Baby loved to whistle the tune ," sittin at the dock of the bay". When ever I hear it on the radio I feel happy and sad all at the same time.
I miss you, Baby!
I'm delighted to know about Starling Talk.


----------



## Maggie-NC (Jun 22, 2005)

Charis, that is a beautiful story about Baby. I have rehabbed many, many starlings and they remain one of my favorite songbirds. I love their beautiful yellow flower beaks when they're babies. 

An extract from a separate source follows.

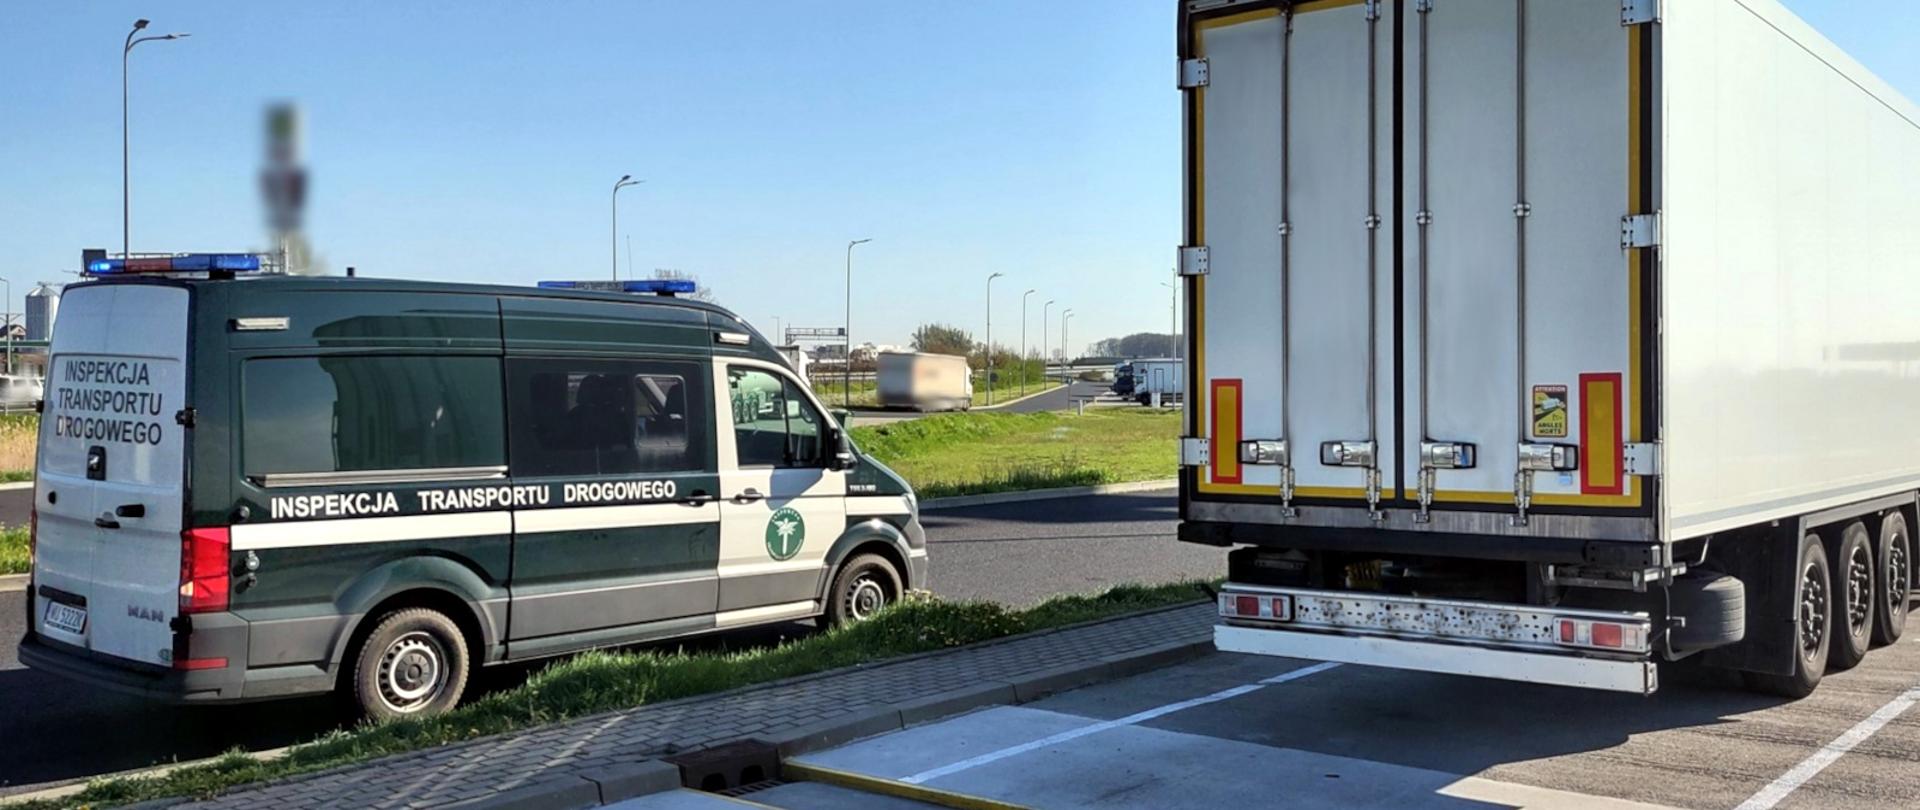 Ciężarówka zatrzymana przez inspektorów wielkopolskiej Inspekcji Transportu Drogowego

This is the message board's site: http://www.starlingtalk.net/phpBB2/index.php?sid=e701d070c818165557b4c2d4492b4e26

Maryann (Littlestar) has a number of beautiful starlings.


----------



## littlestar (May 11, 2005)

> The members of StarlingTalk believe that this story could make a difference in folks perception of starlings. Please vote if you like the story


Maggie's right, I have 7 beautiful starlings. We need your help to make Ronni's story of Peanut be number one, so please everyone to go vote on squidoo because will end I think March 29 th or 30th and we need your help, but you'll have to register for your vote to counted. It's our only way for people to know they aren't pest birds, but beautiful little birds. I think Peanut is around 5 five years old now.


----------



## Charis (Feb 11, 2007)

It's done. I 'm registerd and have voted.


----------



## littlestar (May 11, 2005)

Charis, Thank you so much for voting. They are amasing birds and boy can they wiggle their way in to your heart. One of my starlings is named Baby too. My oldest one will be three in May and my youngest will be a year old in April. You'll have to register on StarlingTalk because I know people on StarlingTalk would love to hear your story about Baby.


----------



## Charis (Feb 11, 2007)

Done. 
Pigeon-talk
Starlingtalk
Oh My!
What's Next?
Still Wainting For Possum-talk.


----------



## Reti (Jul 20, 2003)

I can't find it. Someone guide me please.

Reti


----------



## littlestar (May 11, 2005)

Retri, Here's the link http://www.squidoo.com/thelensoftheyear
Right now it's back in first place and here it is what you will see,


> STARLINGS IN THE FAMILY
> How to survive falling in love with a supremely intelligent, breathtakingly lovely, endlessly demanding and affectionate little bird ... while rearran...


----------



## TerriB (Nov 16, 2003)

So cool! Thanks for sharing!


----------



## Victor (Dec 18, 2004)

"The Law Acoording to Peanut" is so cute!


----------



## littlestar (May 11, 2005)

We need help to get Starlings in family up to number one before 5 o'clock EST. Please tell your family and friends to register and vote. You have to make sure after you register and then click on the link they send you to confirm your registration or your vote won't be counted. Also after click on the triangle you see the points and it says refresh, please refresh so points are counted. Please help us, please! please! please.


----------